Taking its lead from Horn's own autobiography, dictated while on trial for murder, there is an element of print the legend to it: whereas the real Horn was undone by his own egotism (his claim to have captured Geronimo seems largely fantasy, though he was one of the trackers involved in the campaign), McQueen's Horn is a simple man, modest, inarticulate, awkward in social situations and only really good at killing, which he regards simply as his job. But there's a striking lack of vanity to the performance, with McQueen not afraid to look a shrunken figure long past his prime - even his futile escape attempt feels almost half-hearted, something he feels he's expected to do, and there's a sense of acceptance of his impending death as he makes his inevitable way to the water-triggered gallows that he springs himself because nobody else wants to pull the lever on him.

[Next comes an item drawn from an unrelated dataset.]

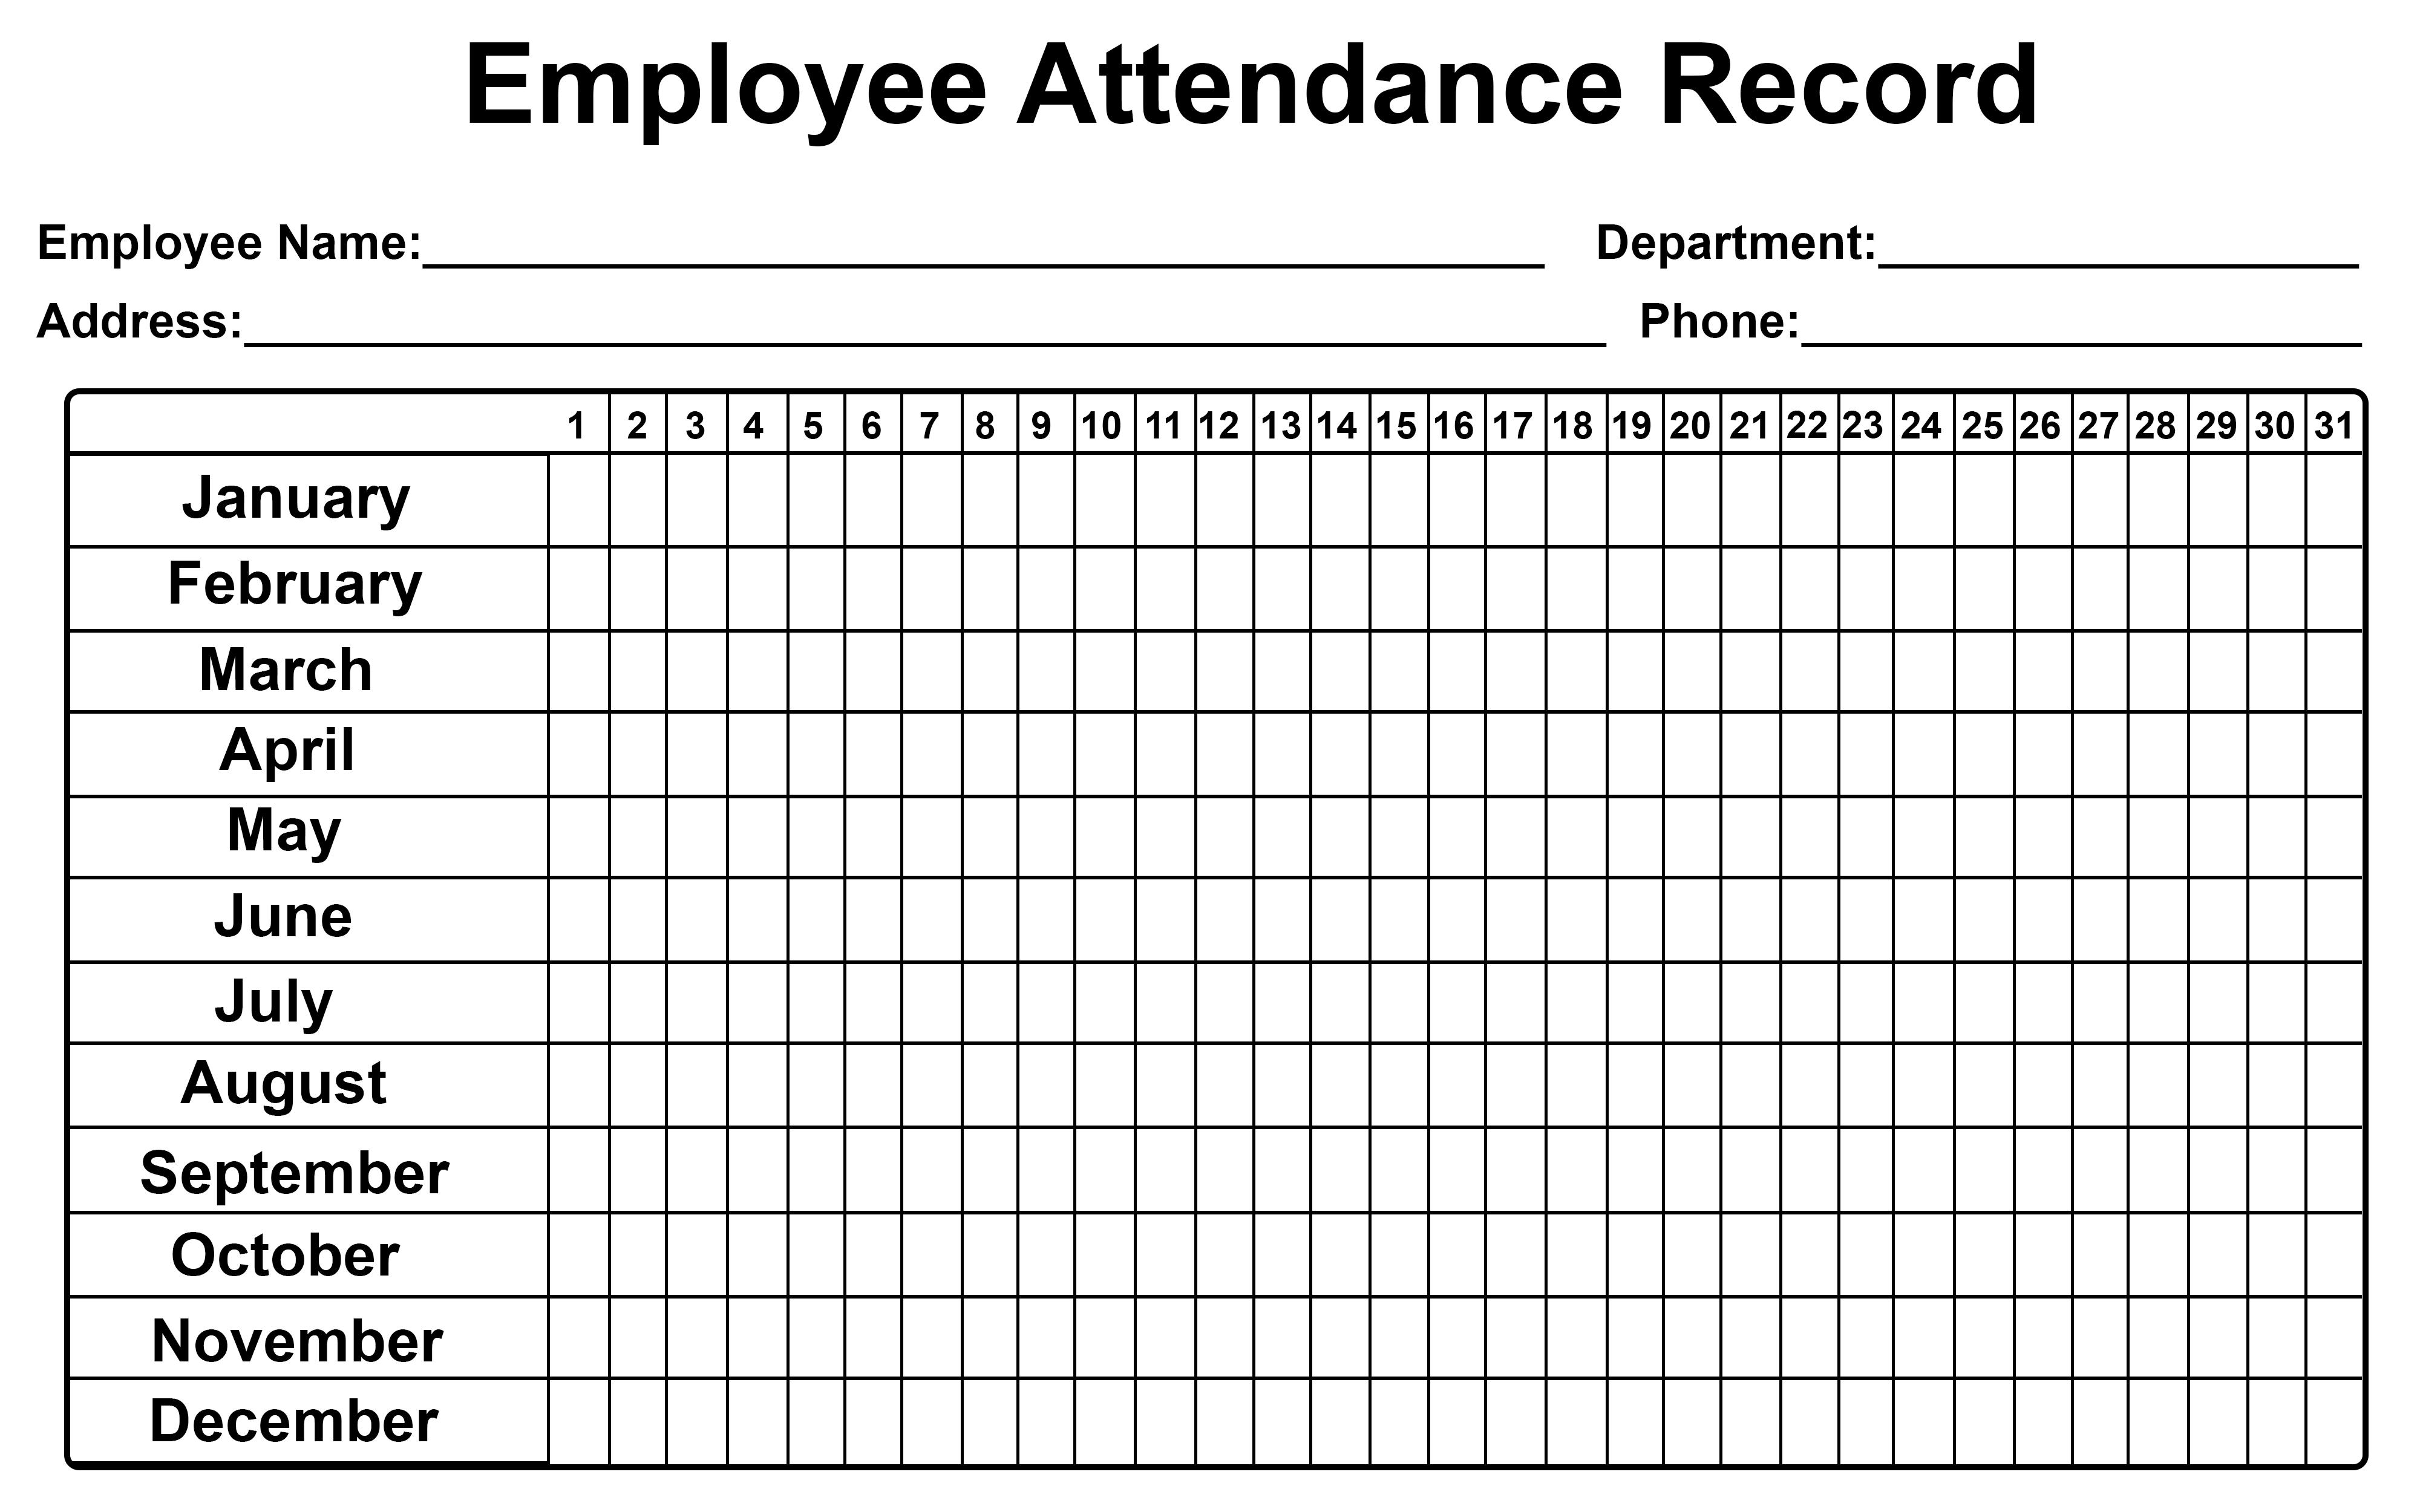 Employee Attendance Tracker Sheet 2019 | Printable Calendar Diy-2020 Employee Attendance Tracker Template Free

(Curiously lawman Joe LeFors, whose dubious testimony sealed Horn's fate, is renamed LaSalle in the film, possibly because McQueen didn't want the audience to make any connections with Butch Cassidy and the Sundance Kid, which was a one-time McQueen project that helped his rival Robert Redford become a superstar: McQueen certainly knew how to hold a grudge.)
The scars of the troubled production do sometimes show, not least in a flashback so abrupt everyone in the theatres thought they'd got the reels in the wrong order, but the strengths more than compensate, not least among them an effortlessly superb supporting performance from Richard Farnsworth, who manages to create a convincing onscreen bond with McQueen despite their off screen history (the young McQueen had got Farnsworth fired from Wanted: Dead or Alive when the veteran was still a stuntman). The cold, stark look of the film, it's town either muddy or snowbound, its ranges barren and desolate, and Ernest Gold's brooding score also catch the mood of impending death all too well. The Hunter may have been McQueen's last film, but in many ways this is the more fitting epitaph.
The only extras on Warners 2.35:1 widescreen transfer are the original theatrical trailer and a promo for Wanted: Dead or Alive.